## RECORD SET
┌────────
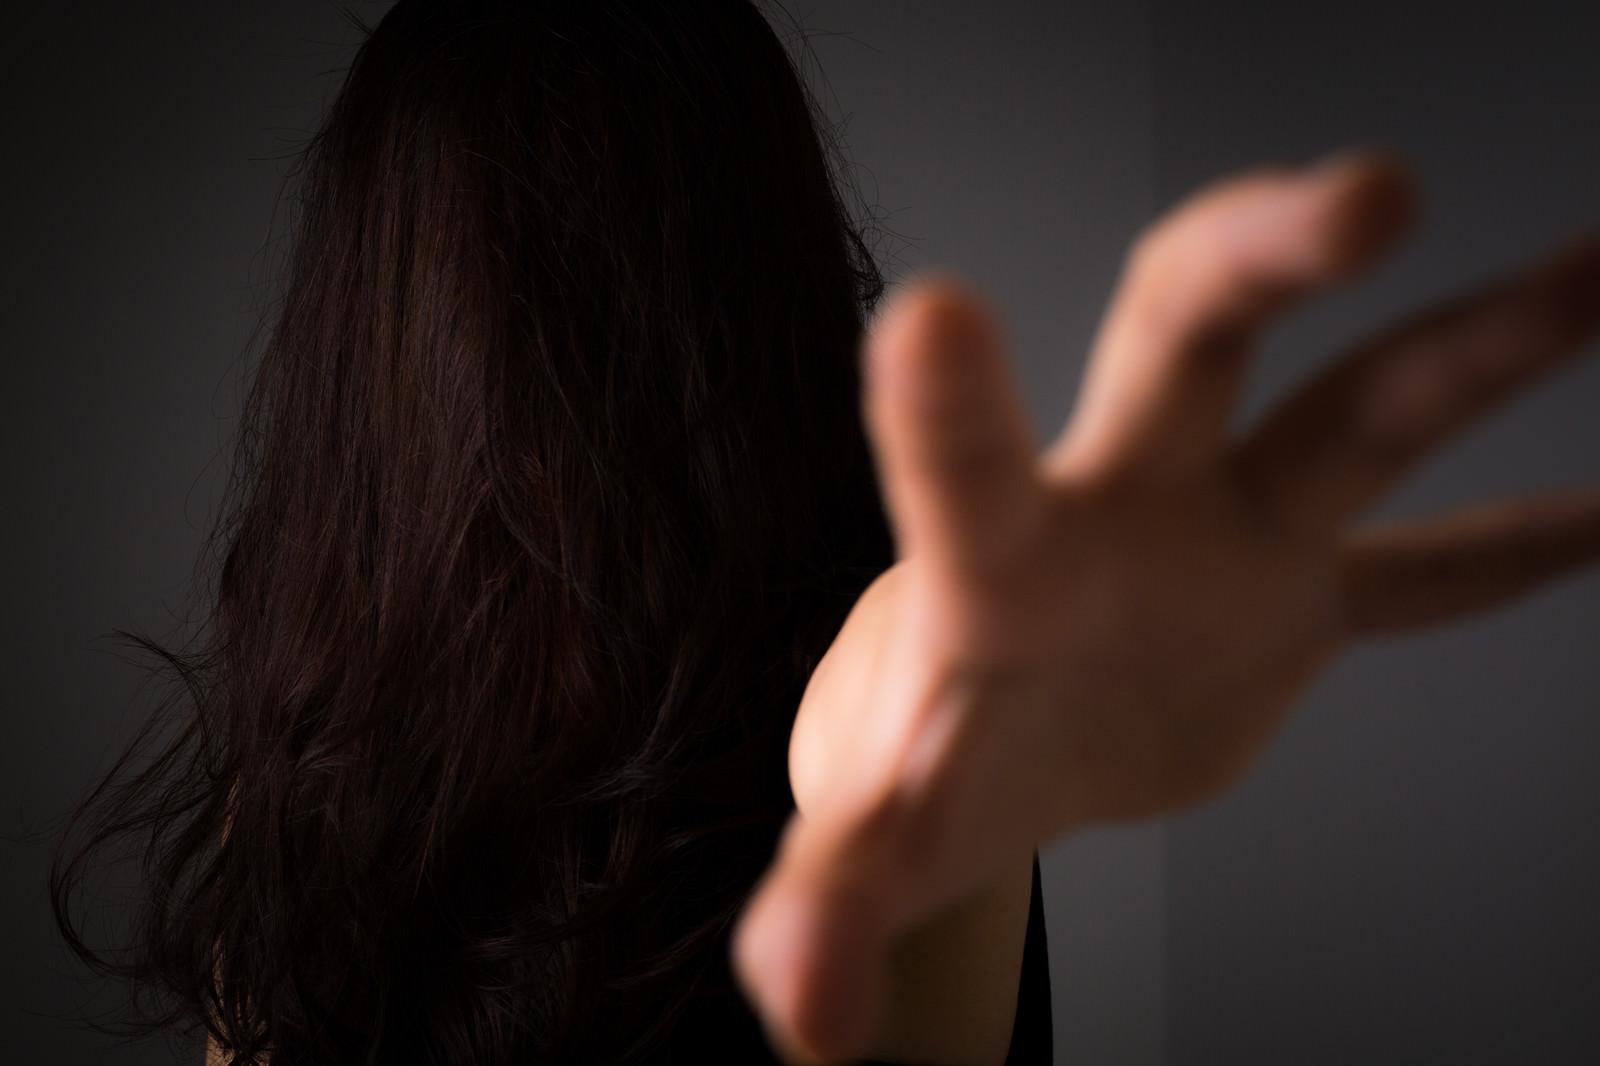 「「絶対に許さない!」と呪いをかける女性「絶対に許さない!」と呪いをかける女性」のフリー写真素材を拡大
└────────
┌────────
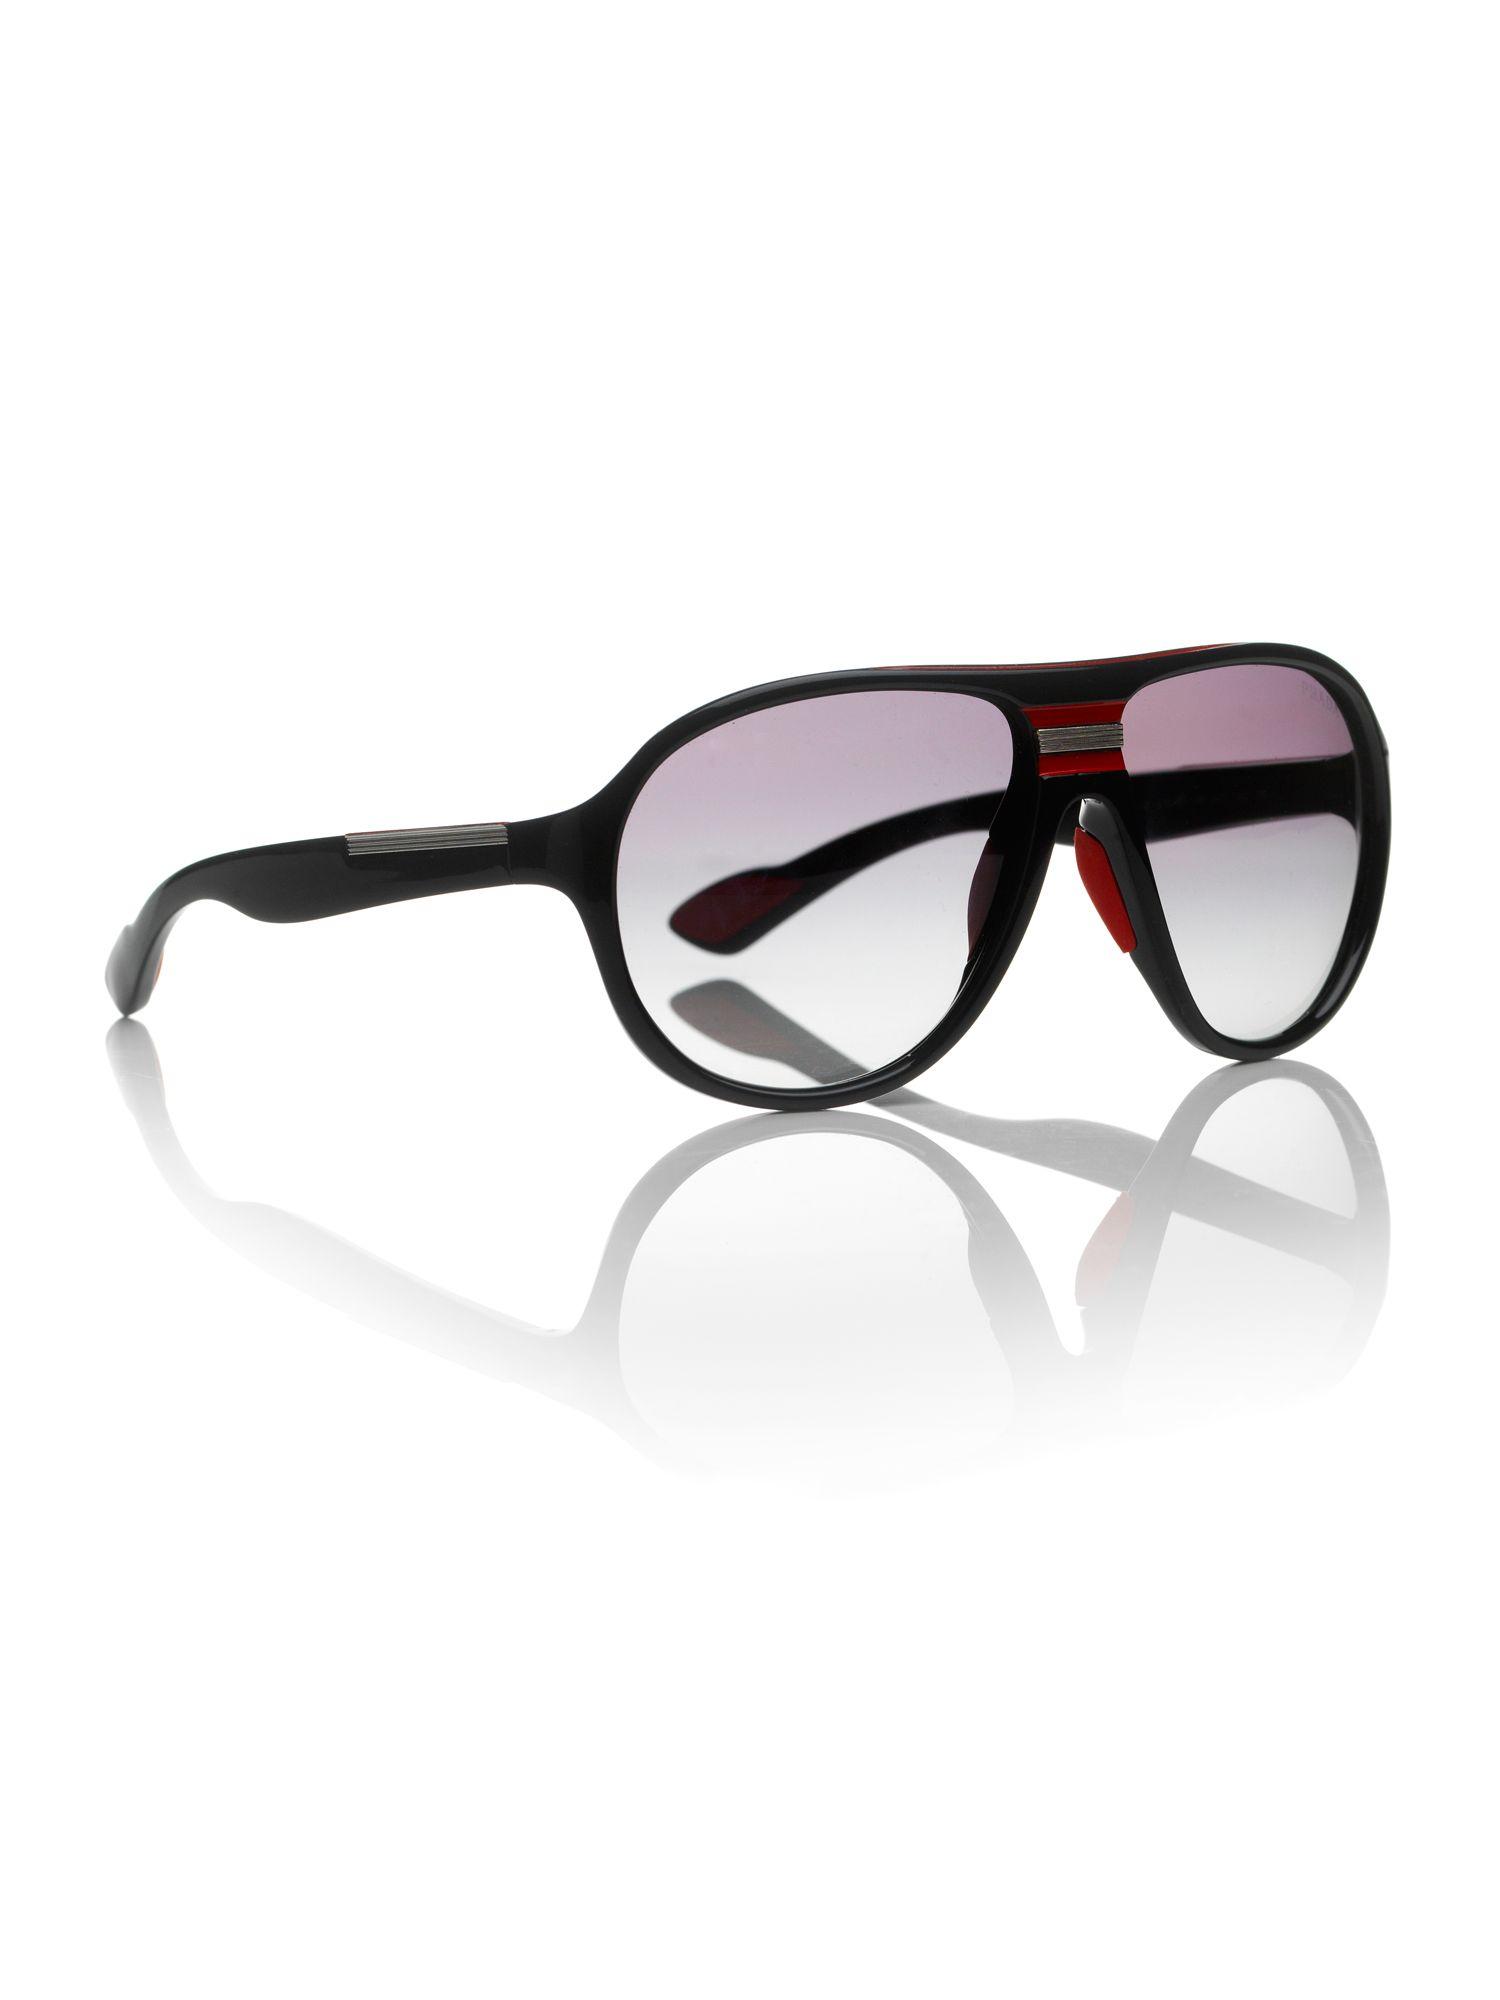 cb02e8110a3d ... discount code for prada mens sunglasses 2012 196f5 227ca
└────────
┌────────
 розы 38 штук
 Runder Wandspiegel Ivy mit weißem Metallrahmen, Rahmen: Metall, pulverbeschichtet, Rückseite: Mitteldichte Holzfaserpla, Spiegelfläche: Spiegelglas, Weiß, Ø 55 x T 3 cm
└────────
## WORK TO COMPLETE
Take the lines above from the one containing "розы 38 штук" down to the one containing "Runder Wandspiegel Ivy", and transcribe them exactly, both ends included.

## EXERCISE RESULT
 розы 38 штук
 Runder Wandspiegel Ivy mit weißem Metallrahmen, Rahmen: Metall, pulverbeschichtet, Rückseite: Mitteldichte Holzfaserpla, Spiegelfläche: Spiegelglas, Weiß, Ø 55 x T 3 cm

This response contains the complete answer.